In Batman (vol. 2) #43, Julie is the head of a clinic for underprivileged youth that Bruce Wayne is helping to finance and manage. After the events of Batman: Endgame - which sees Bruce having been left with no memories of his life as Batman after his last battle with the Joker - Bruce has begun a relationship with Julie and works for her in the clinic. Together, they visit Wayne Manor, which Geri Powers has purchased and returned to Bruce, only to be attacked by the Riddler, Mr. Freeze, and Clayface. In the course of their relationship, Julie reveals that her father was a former gunrunner who likely sold Joe Chill the gun that he used to kill Bruce's parents, but Bruce maintains that it does not matter, even expressing a desire to marry her. When Bruce deduces his past as Batman and concludes that he must restore his memories to stop Mister Bloom, Julie helps Alfred complete the process that will restore Bruce's memories of his life as Batman at the cost of destroying all the memories he gained during his amnesia. She expresses acceptance of the fact that Gotham needs Batman more than she needs Bruce, considering it appropriate in a twisted way that she should 'end' Bruce Wayne's new life just as her father contributed to his original end by selling Chill the gun that killed the Waynes.

==Other versions==
- An alternate universe version of Julie Madison appears in the Gotham by Gaslight sequel Master of the Future, set on Earth-19. She later becomes the Huntress in Batman: Gotham by Gaslight: A League for Justice.

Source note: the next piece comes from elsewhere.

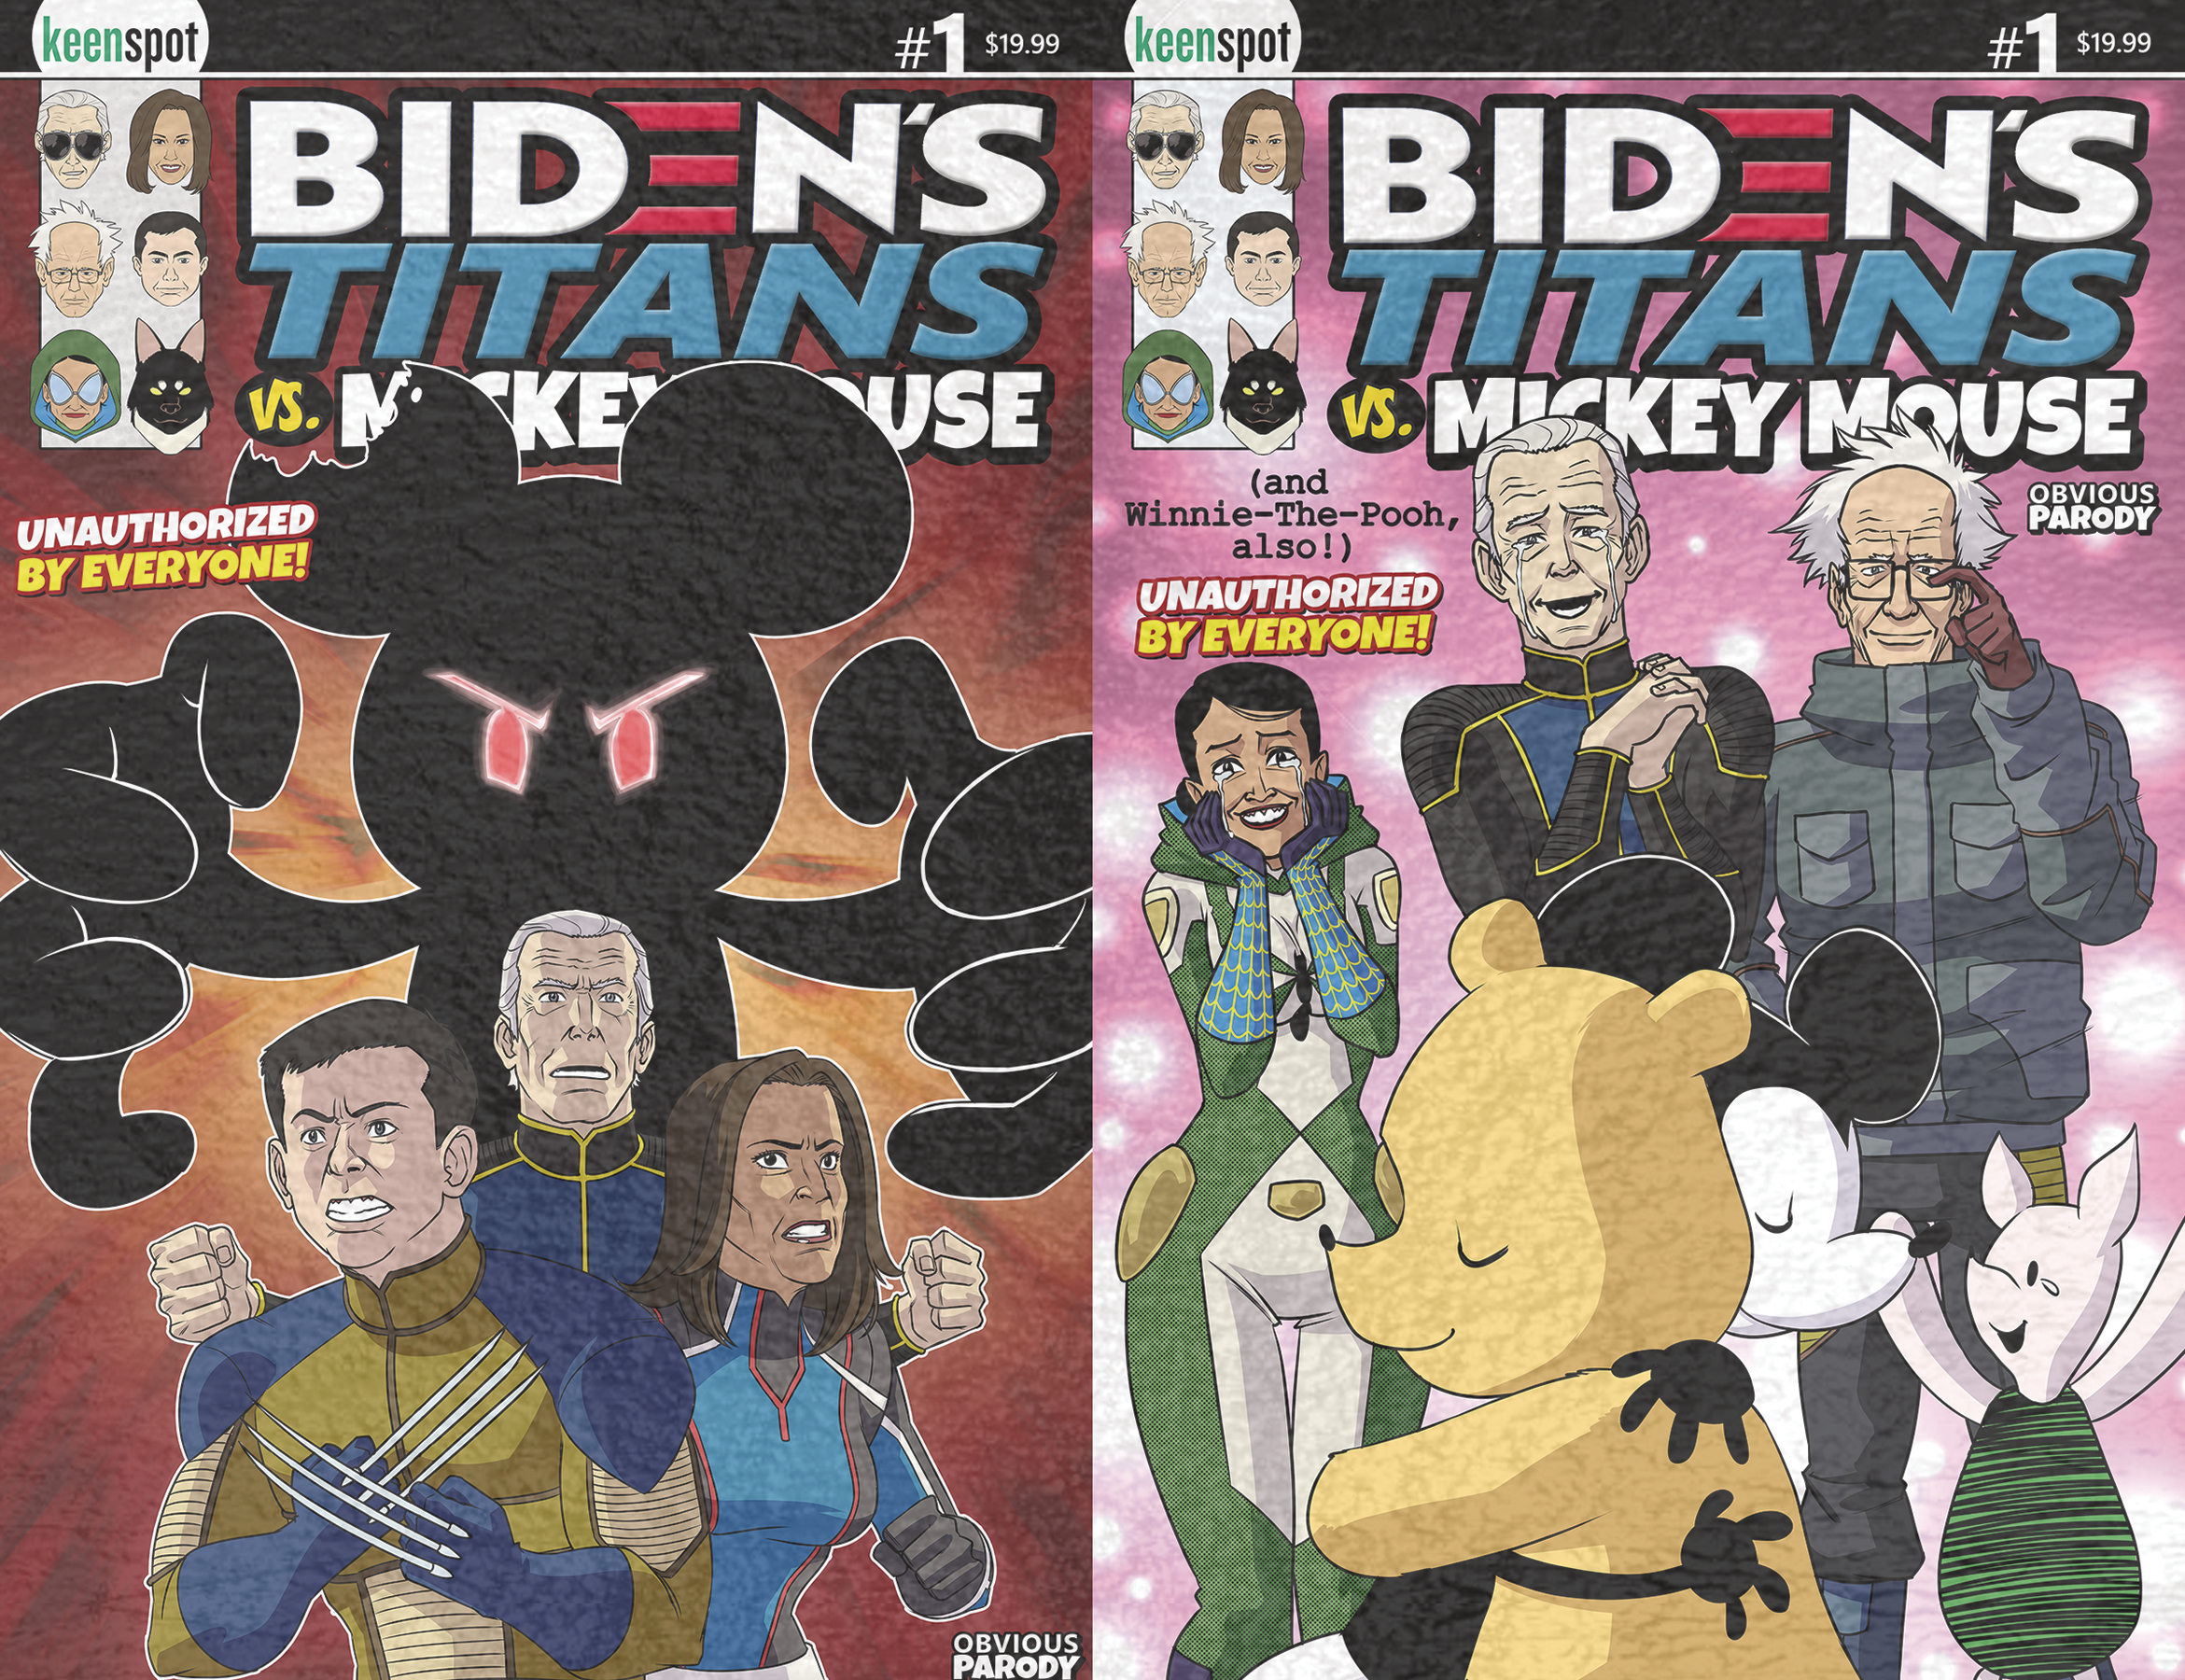 Bidens Titans Vs Mickey Mouse (Unauthorized) #1 Cover F Holofoil Flip Cover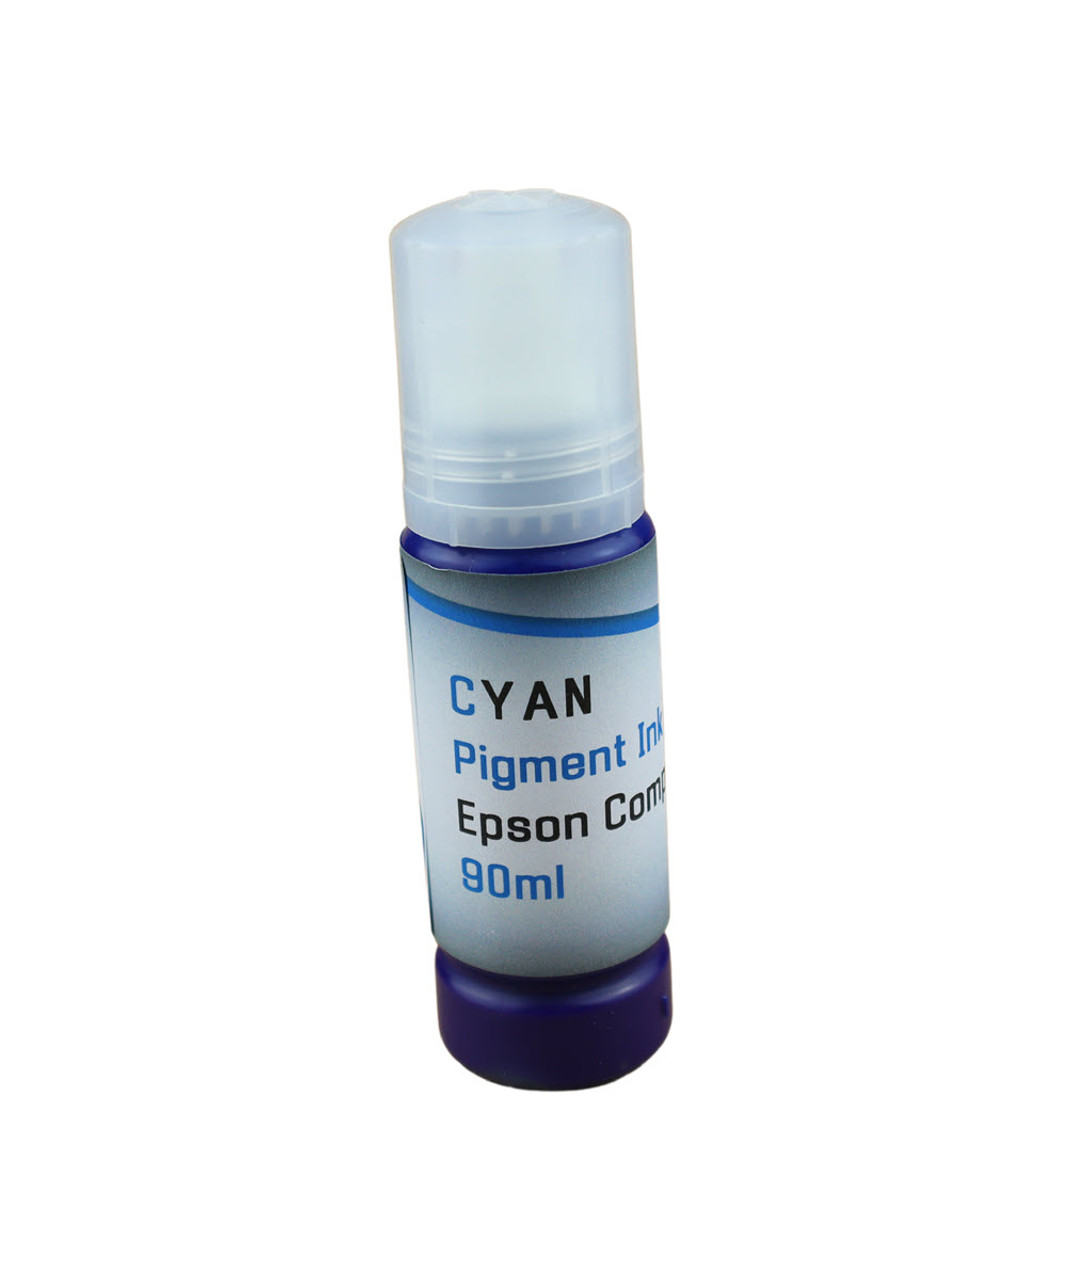 Cyan Pigment Ink 90ml Bottle for Epson EcoTank ET-8500 ET-8550 Printer

- An alternate universe version of Julie Madison appears in Batman: Dark Knight Dynasty.
- An alternate universe version of Julie Madison appears in Superman & Batman: Generations.
- An alternate universe version of Julie Madison appears in Batman: Legends of the Dark Knight #94.

==In other media==
- Julie Madison makes a minor appearance in Batman & Robin, portrayed by Elle Macpherson. This version is Bruce Wayne's fiancée.
  - Madison appears in the tie-in novelization, in which Wayne publicly breaks up with her while under Poison Ivy's control.
- Julie Madison appears in the Batman: Caped Crusader episode "Nocturne", voiced by Grey DeLisle.